Ils ont utilisé le ver C. elegans

Pour trier le bon grain de l’ivraie, Mme O’Rourke et son équipe se sont tournées vers d’humbles vers connus sous le nom de C. elegans. Ces minuscules vers aiment vivre dans la végétation en décomposition et aiment se régaler des microbes. Cependant, ils partagent plus de 70 % de nos gènes et, comme les humains, ils deviennent obèses si on les nourrit avec des quantités excessives de sucre.

Dans de nouveaux travaux Mme O’Rourke et ses collaborateurs ont utilisé ces vers pour cribler 293 gènes associés à l’obésité chez l’homme, dans le but de déterminer lesquels causent ou préviennent réellement l’obésité. Pour ce faire, ils ont mis au point un modèle d’obésité chez ce ver, en donnant à certains un régime normal et à d’autres un régime riche en fructose.

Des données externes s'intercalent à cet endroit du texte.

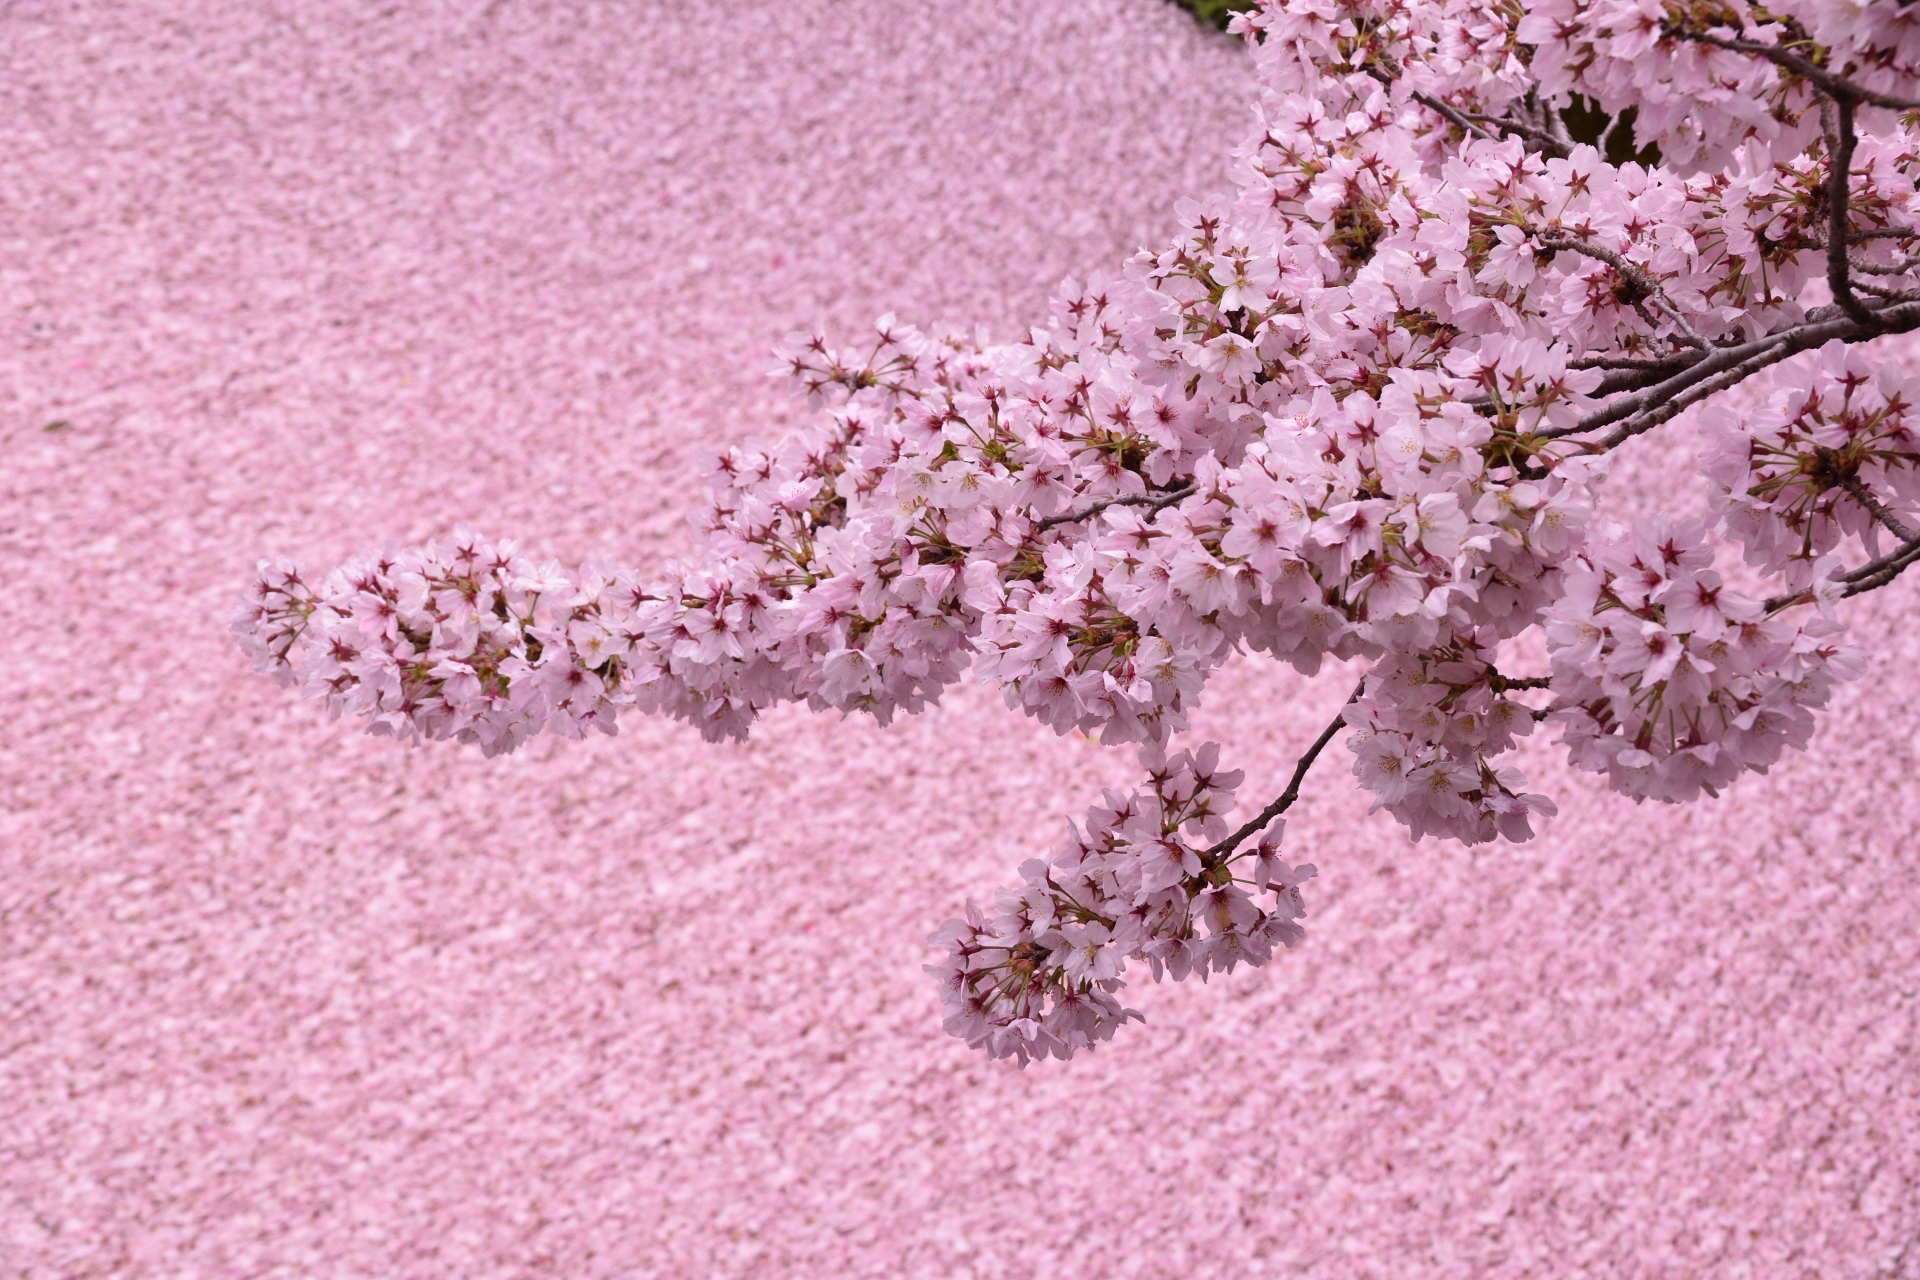 969738_m 京都府 哲学の道(疎水沿いに咲く桜の並木道が美しい春におすすめ写真スポット! 写真の紹介、アクセス情報など)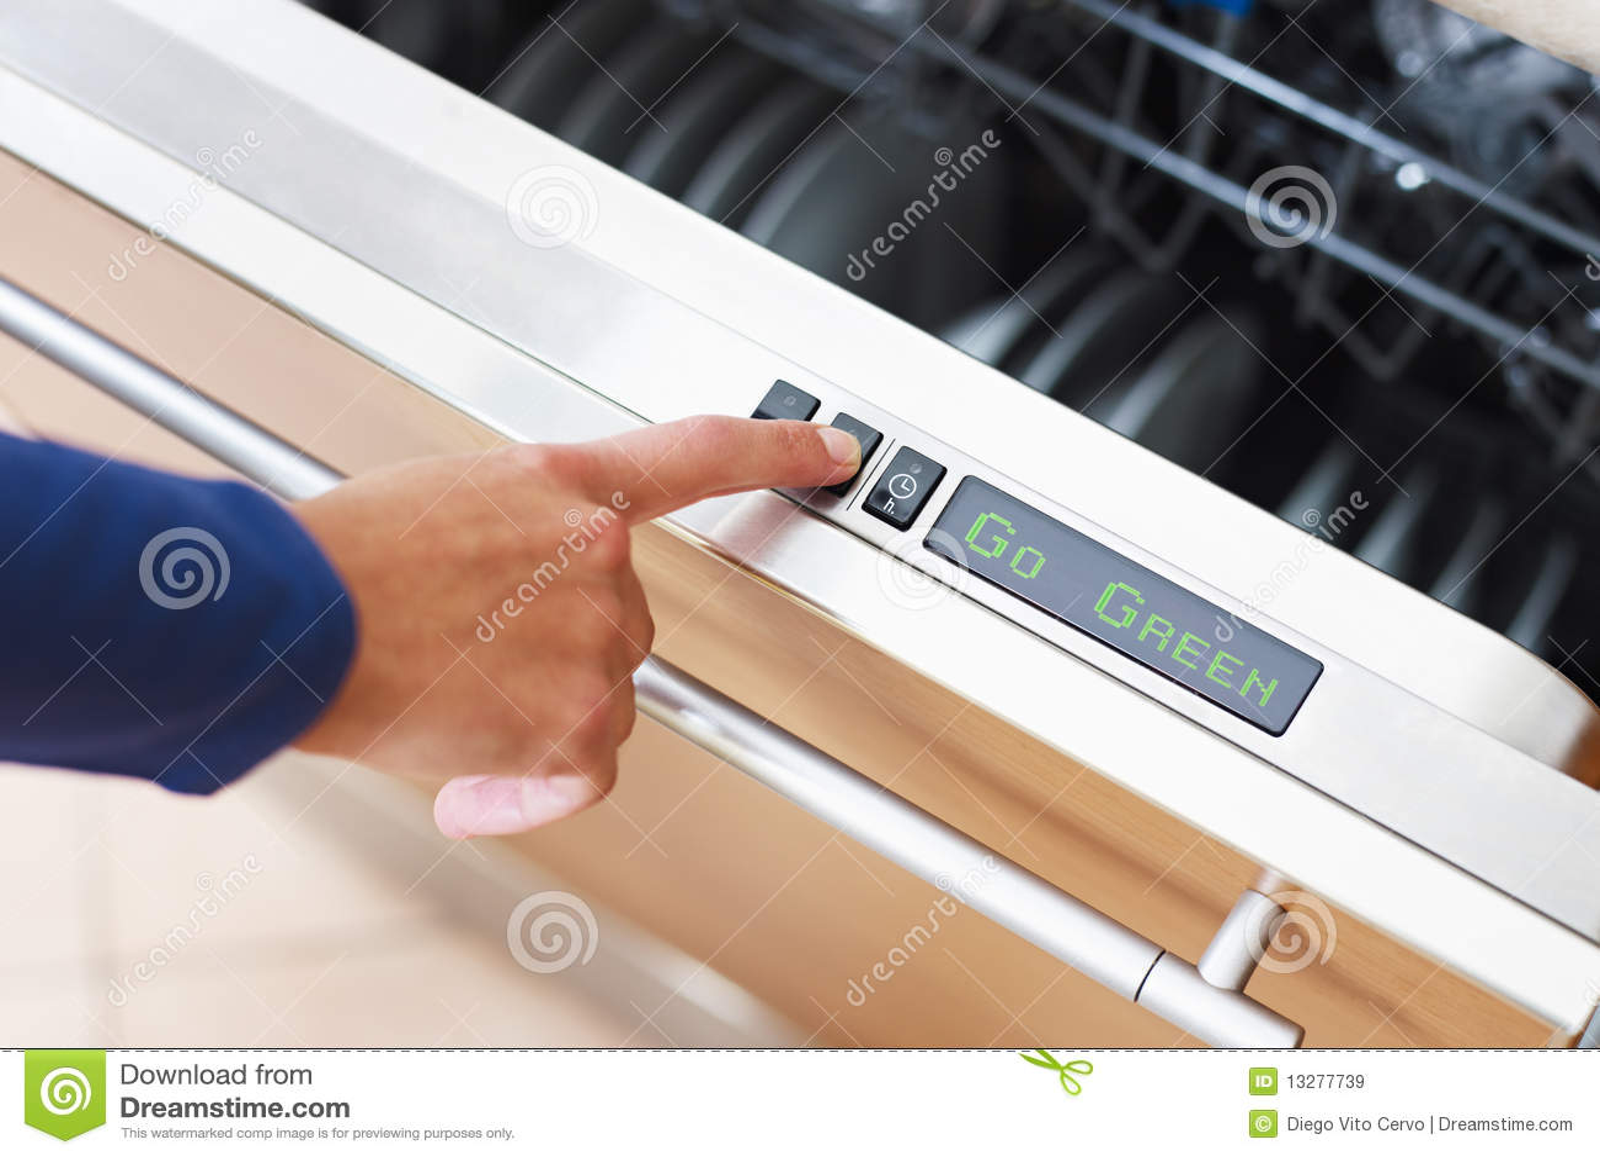 Woman pressing energy saver button on dishwasher

Ce modèle d’obésité, associé à l’automatisation et à des tests assistés par l’apprentissage automatique supervisé, leur a permis d’identifier 14 gènes qui causent l’obésité et trois qui aident à la prévenir. Fait intéressant, ils ont constaté que le blocage de l’action de ces trois gènes permettait de vivre plus longtemps et d’avoir une meilleure fonction neuro-locomotrice. C’est exactement le type d’avantages que les développeurs de médicaments espèrent obtenir des médicaments contre l’obésité.

Des résultats applicables à l’homme

Bien sûr, il reste encore du travail à faire. Mais les chercheurs affirment que ces indicateurs sont encourageants. Par exemple, le blocage de l’effet de l’un des gènes chez des souris de laboratoire a permis de prévenir la prise de poids, d’améliorer la sensibilité à l’insuline et de réduire la glycémie. Ces résultats (plus le fait que les gènes étudiés ont été choisis parce qu’ils étaient associés à l’obésité chez l’homme) laissent présager que ces résultats seront également valables chez l’homme, ont déclaré les chercheurs.

« Des thérapies anti-obésité sont nécessaires de toute urgence pour réduire le fardeau de l’obésité chez les patients et dans le système de soins de santé », a déclaré O’Rourke. « Notre combinaison de la génomique humaine avec des tests de causalité chez ces animaux modèles promet de donner des cibles anti-obésité plus susceptibles de réussir dans les essais cliniques en raison de leur efficacité accrue et de leurs effets secondaires réduits. »

Cette recherche a été publiée dans PLOS Genetics.